Zo werk ik al jaren, zie het nut er niet van in om een zekering op de voeding van mijn ampracks te hebben terwijl de groep waarop ik ze aansluit al van zekeringen zijn voorzien...
Voor mij dus ook gewoon een robuuste verdeeldoos achter in mijn rack.
Heeft ook als voordeel dat ik bij grote klussen de amps 2 keer Lab 4000 en een 1600 per rack, makkelijk ieder op een aparte groep kan zetten, iets wat bij gebruik van powercons een stuk lastiger wordt.

----------


## jens

Voor een fx rackje is een furman of iets dergelijks wel ideaal. Tevens heb je meteen een lampje.

Verder heb ik gewoon in mijn amp rack een zware stekkerdoos ( zń harde kunststof , en geen gamma) achter op een 19" 2 he paneel geschroeft. en dan gewoon een stuk kabel er aan naar een powercon chassis.

380 gebruik ik bijna nooit maar als je daar wel veel mee aan de gang bent dan vind deze ook wel erg netjes:



Ik weet niet meer hoe het precies zat, maar het bedrijf waar ik 8 jaar geleden werkte  had  een verloop van deze 380 gewoon weer terug naar 220. Dan was hij gewoon weer te gebruiken als stekkerblok. ( natuurlijk had je dan maar 1 groep en geen 3 )

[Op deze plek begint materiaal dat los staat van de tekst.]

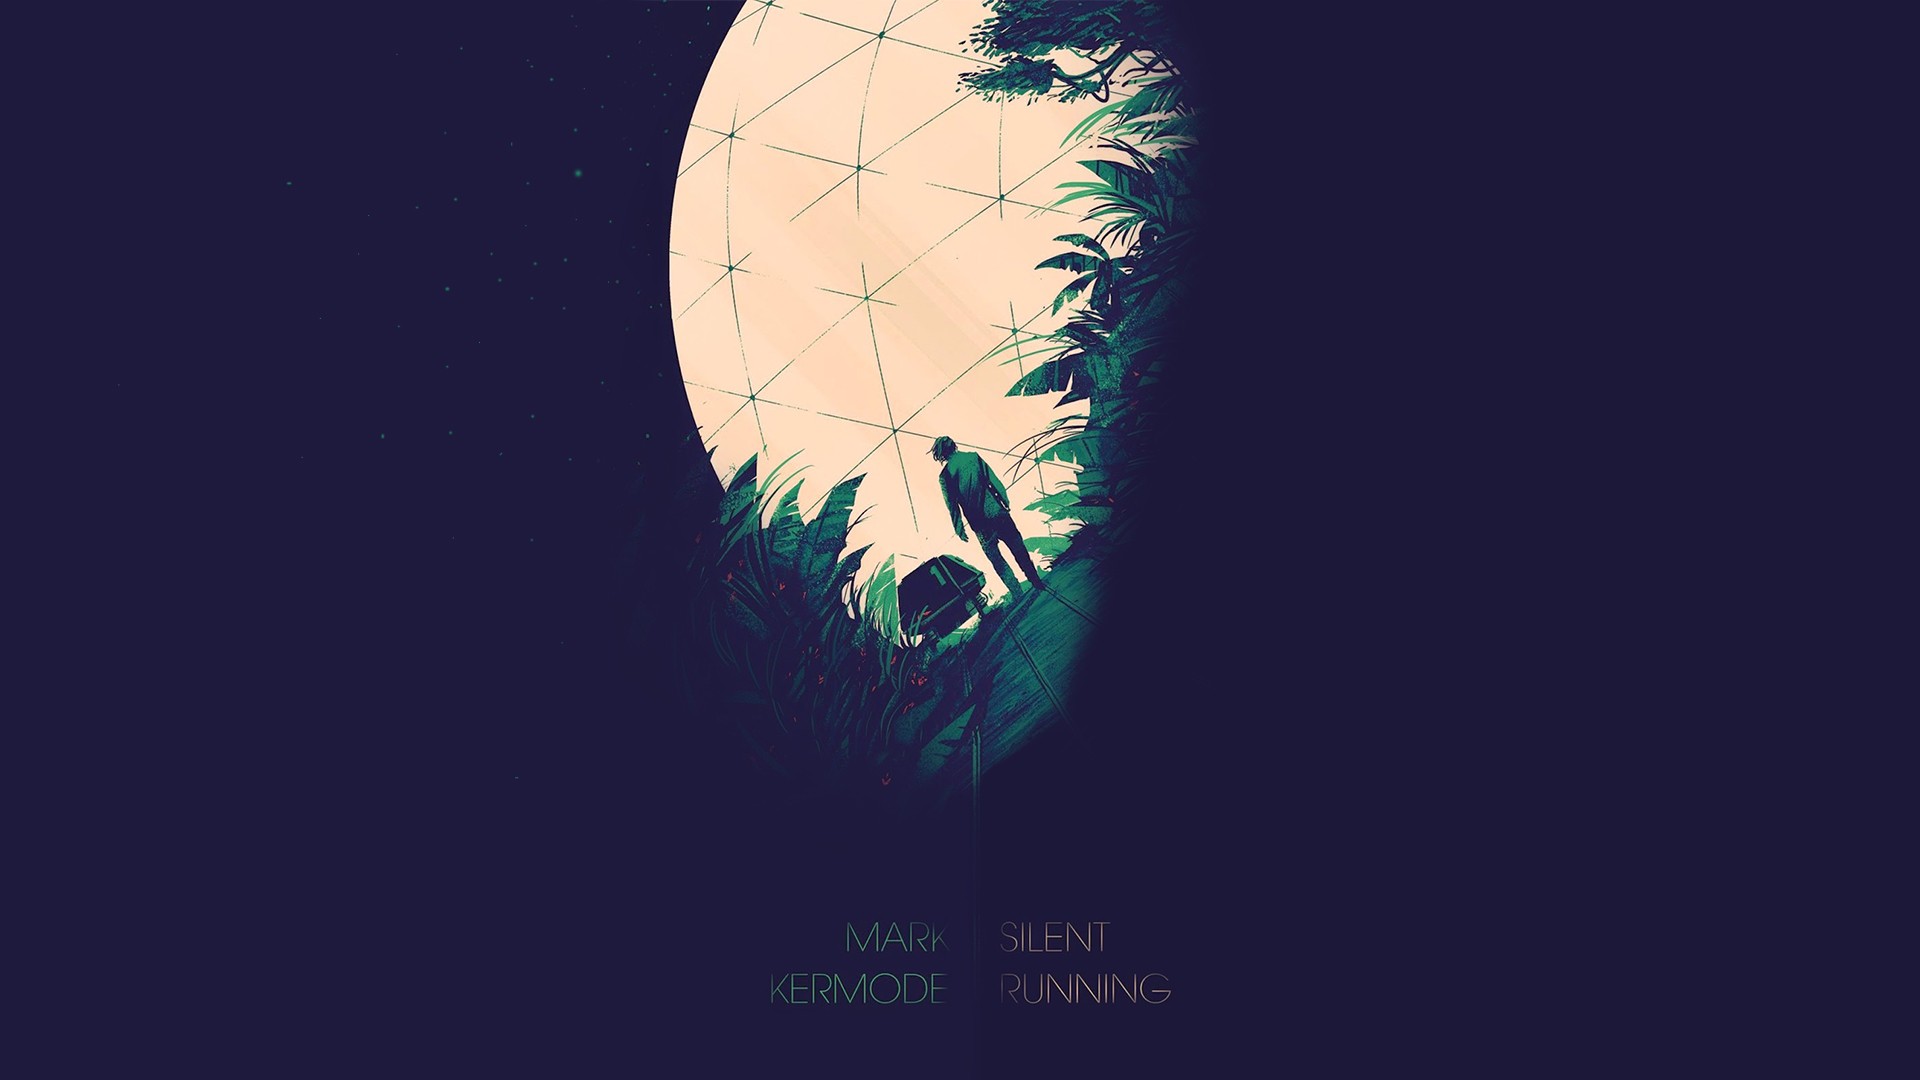 Olly Moss Digital Art Illustration Science Fiction Silent Running Book Cover Mark Kermode Space Trav 1920x1080

highlite heeft ze tegenwoordig ook volgens mij.

----------


## MusicXtra

> Ik weet niet meer hoe het precies zat, maar het bedrijf waar ik 8 jaar geleden werkte  had  een verloop van deze 380 gewoon weer terug naar 220. Dan was hij gewoon weer te gebruiken als stekkerblok. ( natuurlijk had je dan maar 1 groep en geen 3 )
> 
> highlite heeft ze tegenwoordig ook volgens mij.



Met een verloop van 380 naar 220 heb je dus wel gewoon 3 groepen tot je beschikking. :Big Grin:

----------


## Noobie

> Met een verloop van 380 naar 220 heb je dus wel gewoon 3 groepen tot je beschikking.

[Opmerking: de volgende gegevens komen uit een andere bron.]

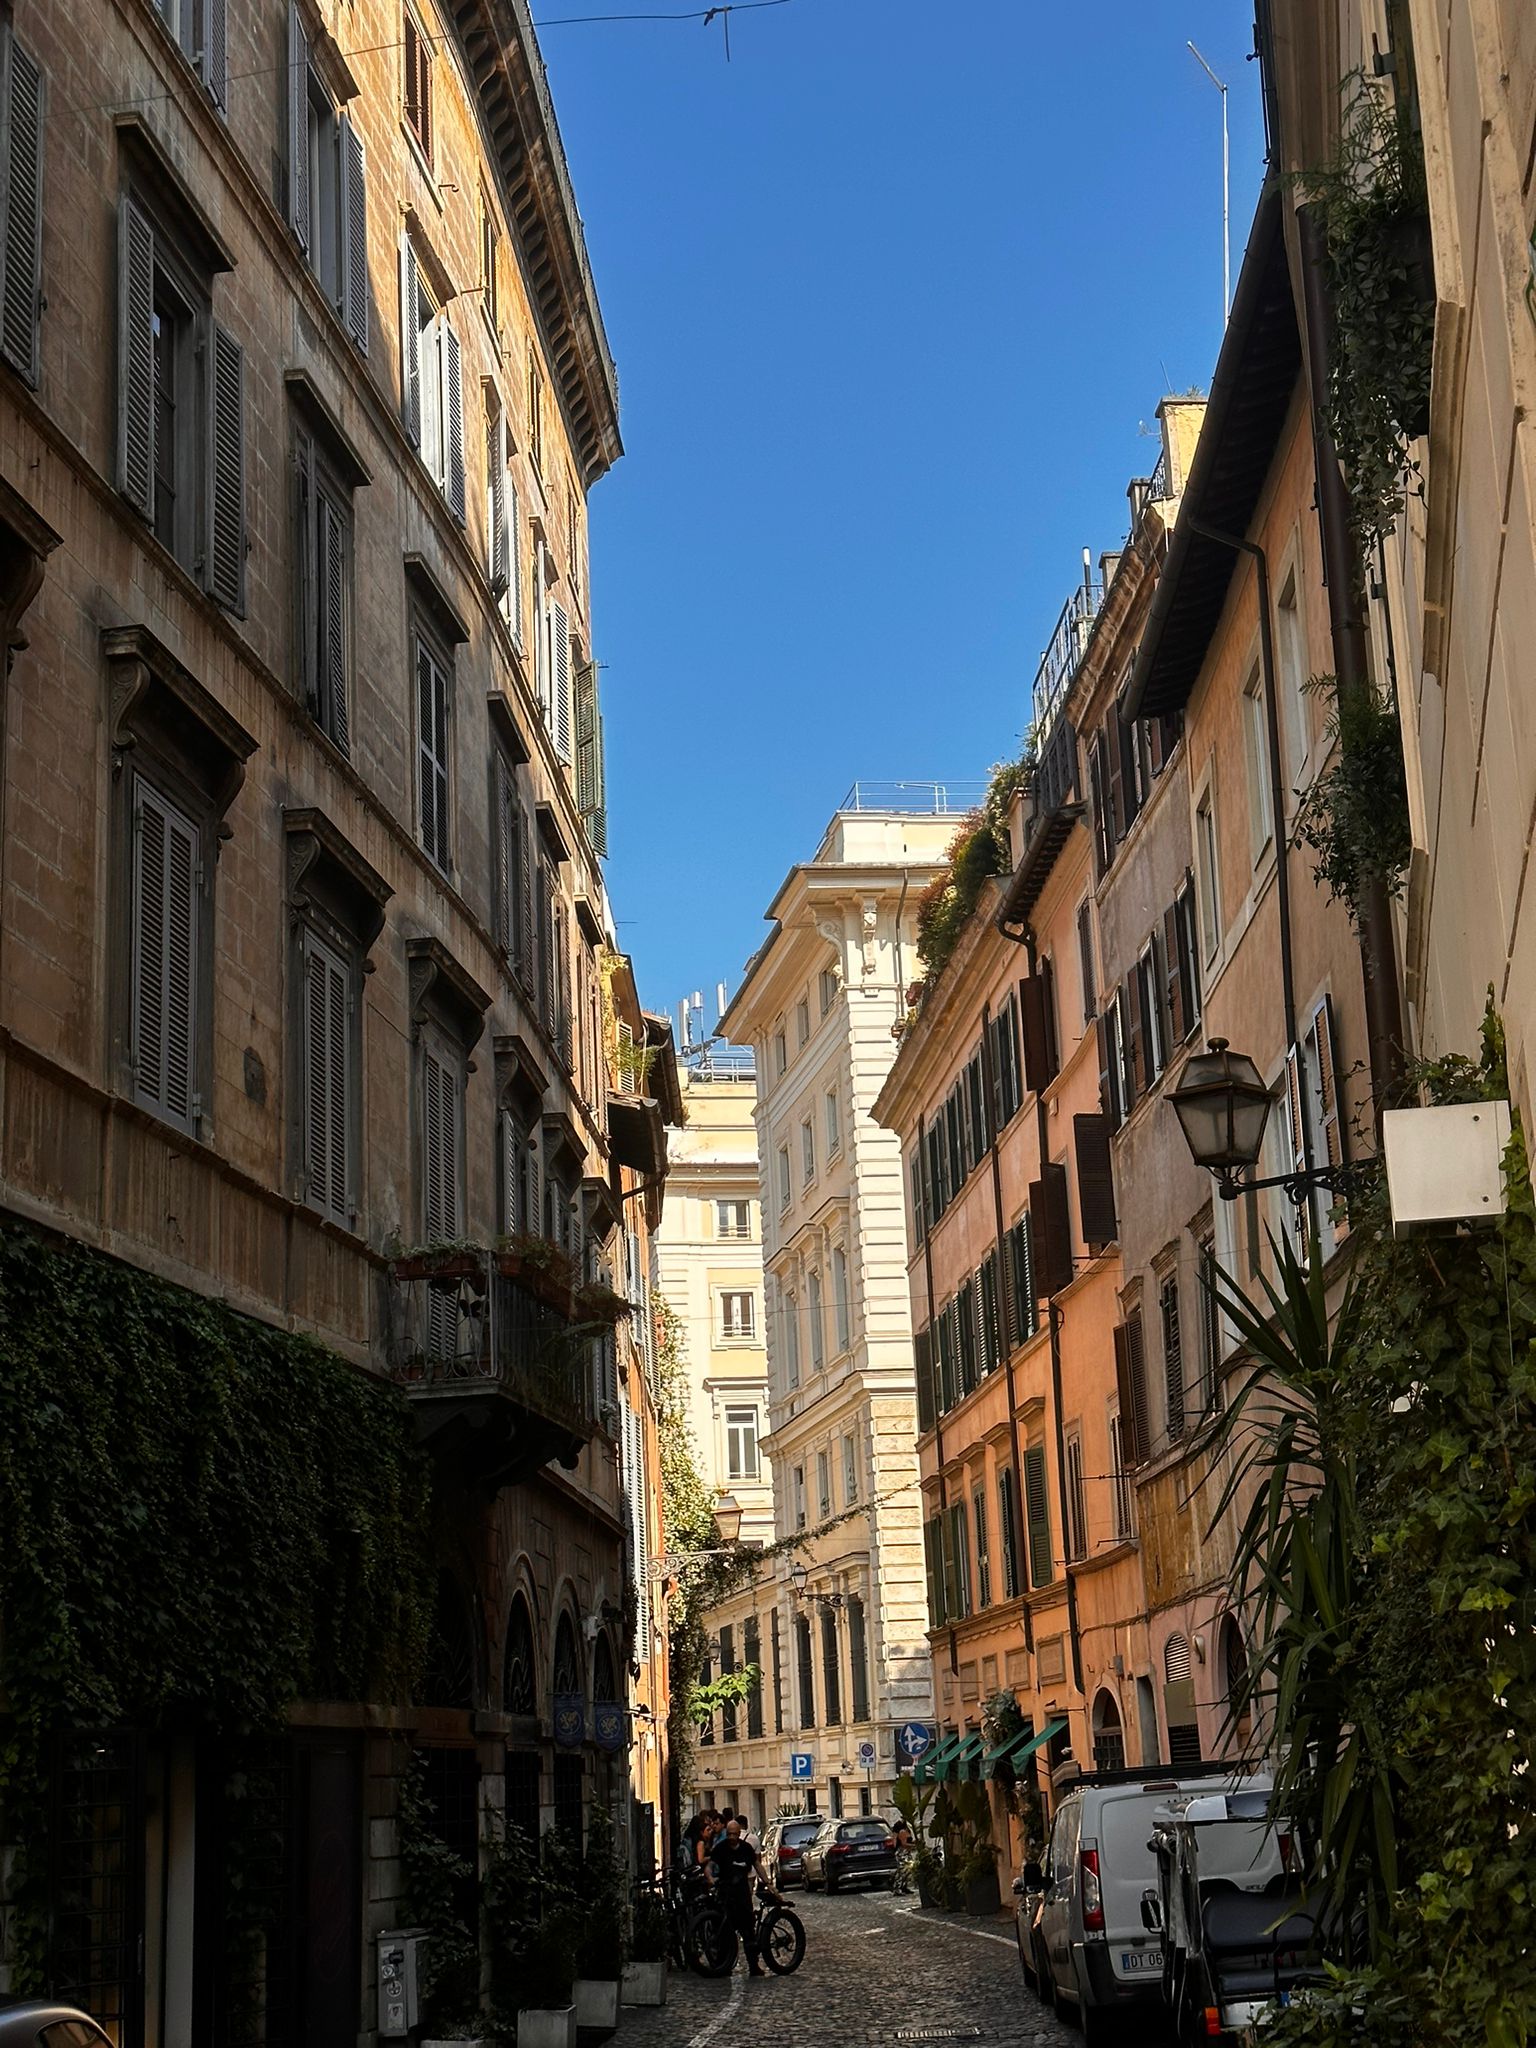 Mercedes Limo Van Tour Through Rome's Historic Streets

volgens mij bedoelde hij 220V stekker -> 380V contra, dus 1 groep

----------


## eddy56

Als je gewoon je + naar L1 L2 en L3 doorlust heb je alle drie de groepen tot je beschikking,

Je kunt hem uiteraard niet zwaar belasten. 

Gr Eddy

----------


## moderator

Zullen we het bij de te geven adviezen laten bij de algemeen geaccepteerde oplossingen en het pionieren met spanning en tropische verloopjes overlaten aan mensen die de risico's kunnen overzien?
Oftewel VOP of NOP....Geven van avies heeft zn beperkingen. Veiligheid eerst.

----------


## Noobie

> Zullen we het bij de te geven adviezen laten bij de algemeen geaccepteerde oplossingen en het pionieren met spanning en tropische verloopjes overlaten aan mensen die de risico's kunnen overzien?
> Oftewel VOP of NOP....Geven van avies heeft zn beperkingen. Veiligheid eerst.

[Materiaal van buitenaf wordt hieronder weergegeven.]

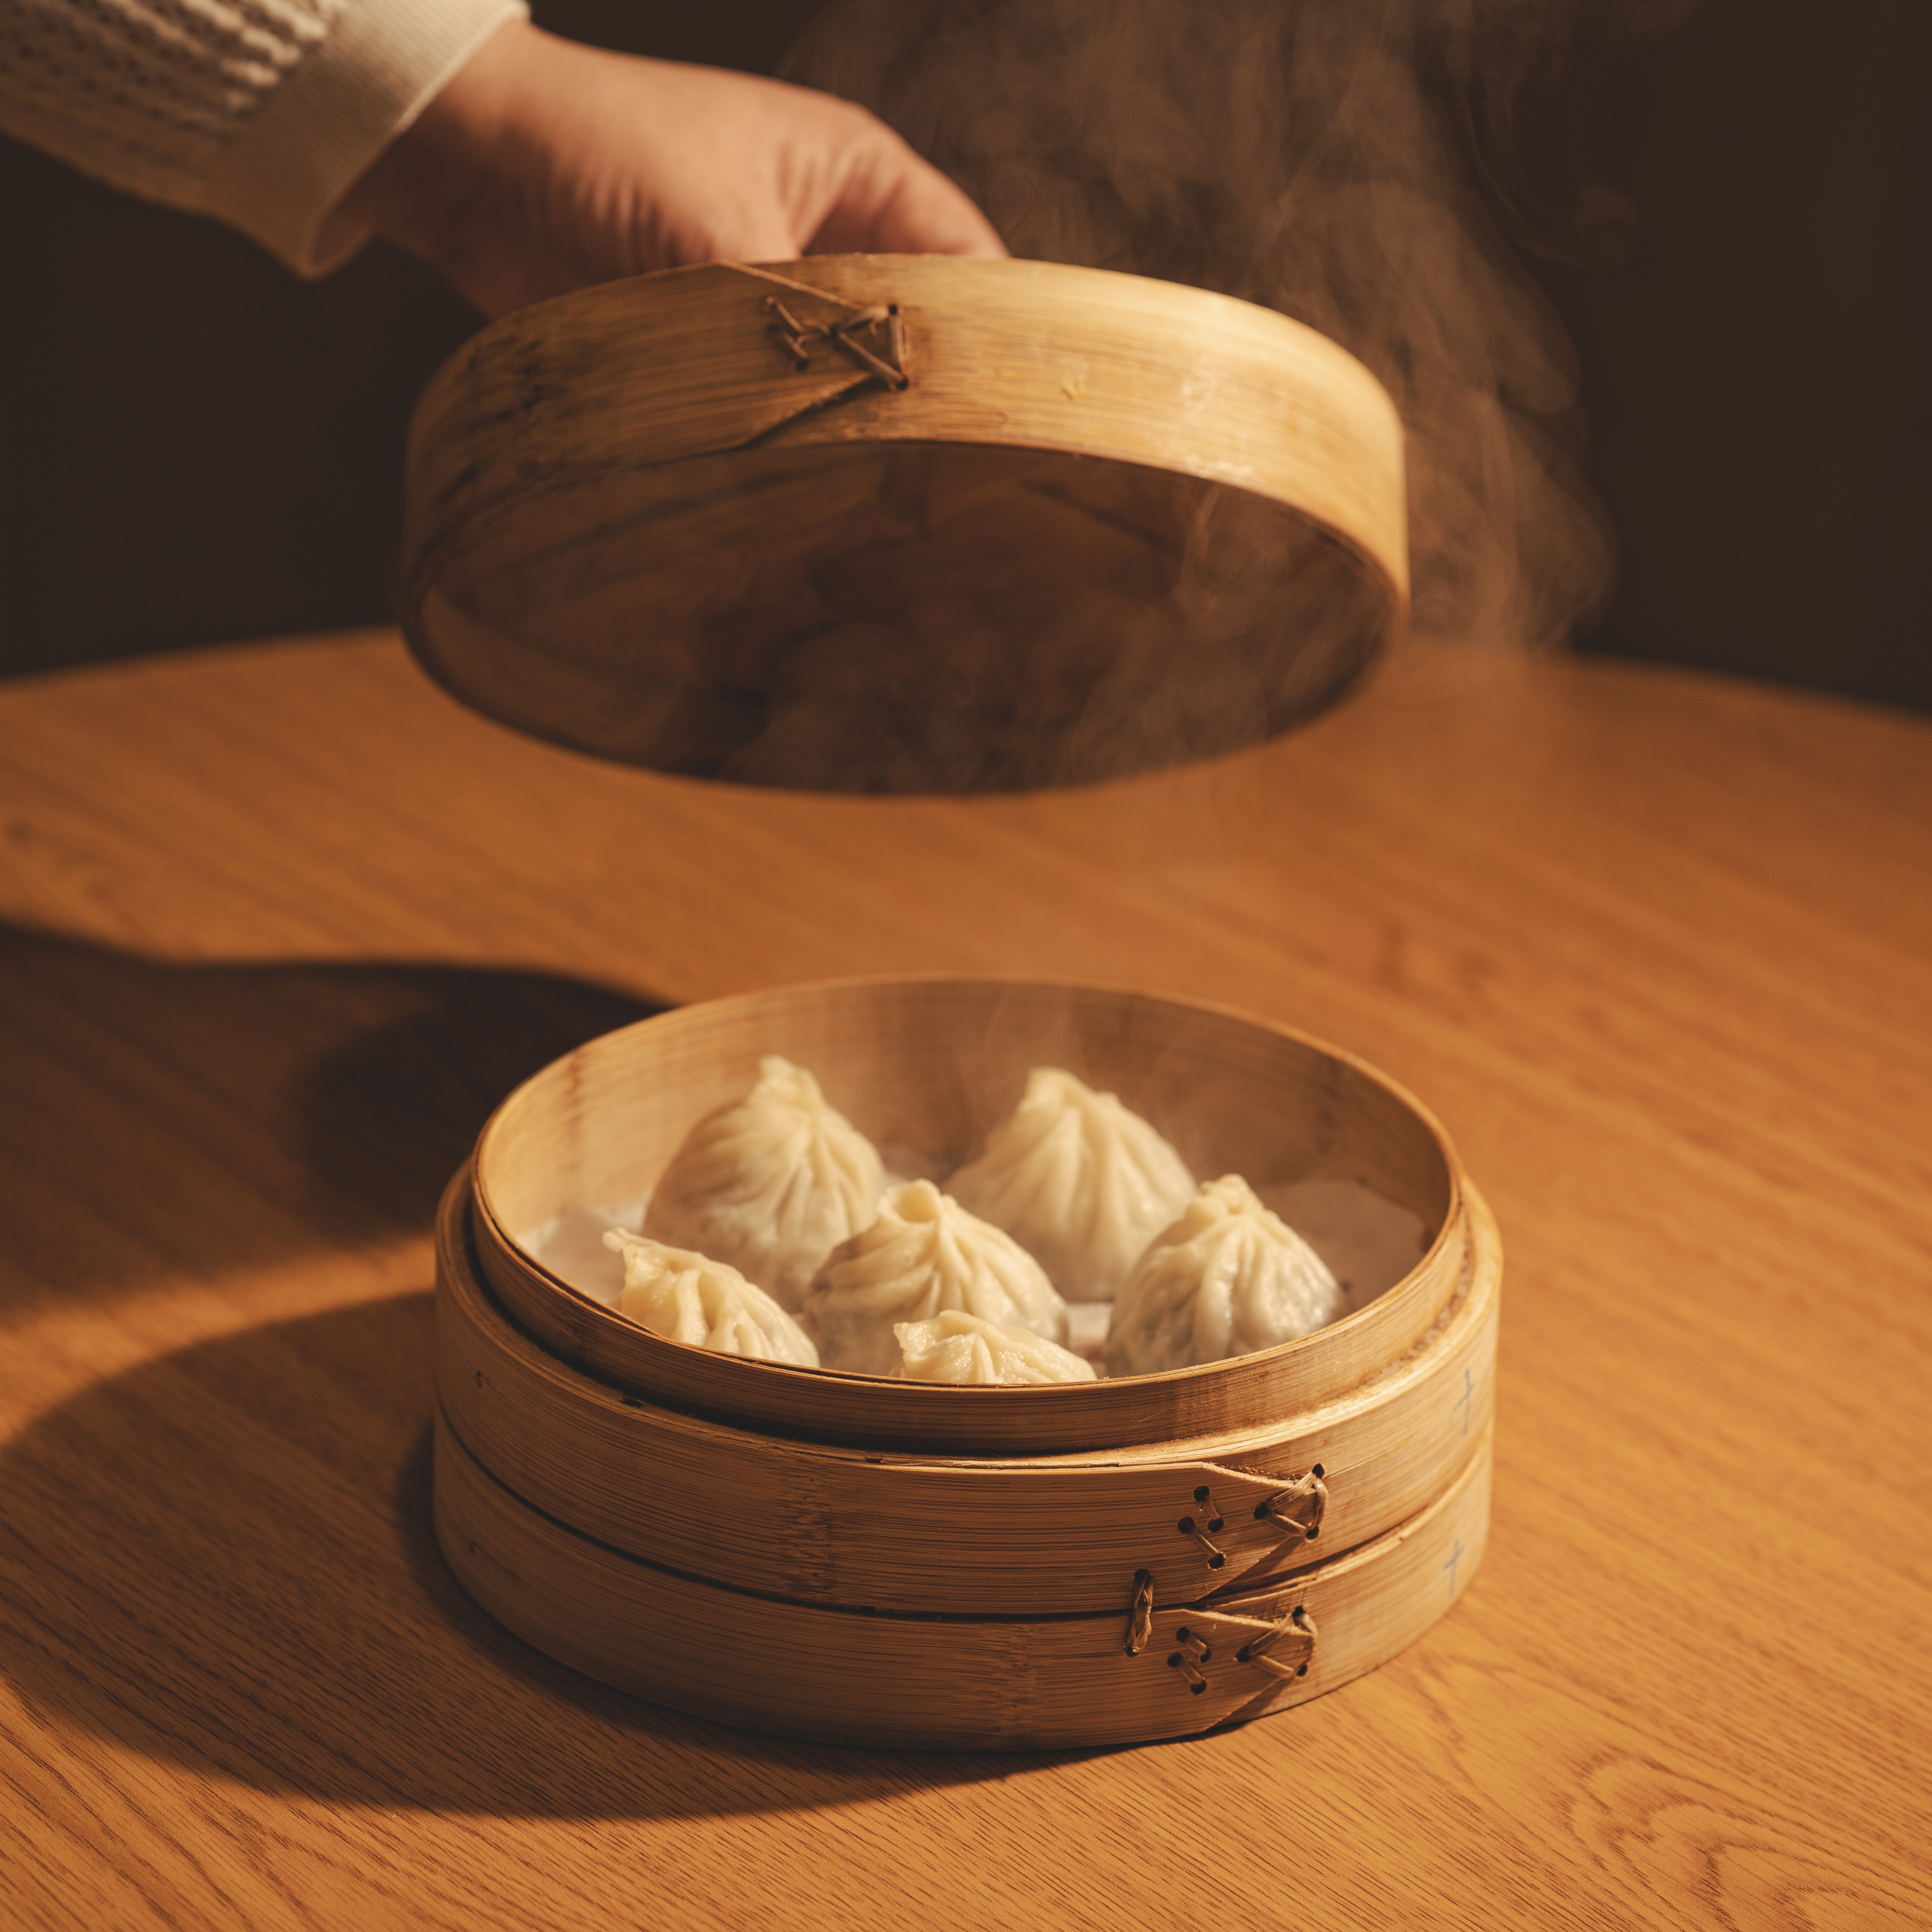 six dumpling in bamboo steamer.

_volgens mij bedoelde hij 220V stekker -> 380V contra, dus 1 groep_

Ok even gedegen uitleg wat betreft het verloop:

Deze variant is 100% veilig en toegestaan, de shuko is immers normaliter met 16A afgezekerd en de 3 16A fase aansluiting mag een veelvoud daarvan hebben dus dat is zeker geen probleem.(kijk maar na in de NEN)

Andersom dus van bv. 32A>shuko... Mag dus gewoon NIET!, reden; de shuko kan max. 16A belasting hebben, de 32A kracht is minimaal met 25A per fase afgezekerd (meestal 32A) dus de stekker kan overbelast raken zonder uitval van de voorliggende zekering.

ontoppic;

persoonlijk zou ik gewoon met standaard verdeelblokken werken, idd wel kijken of die minimaal 1,5mm2, maar liever 2,5mm2 bedraad zijn.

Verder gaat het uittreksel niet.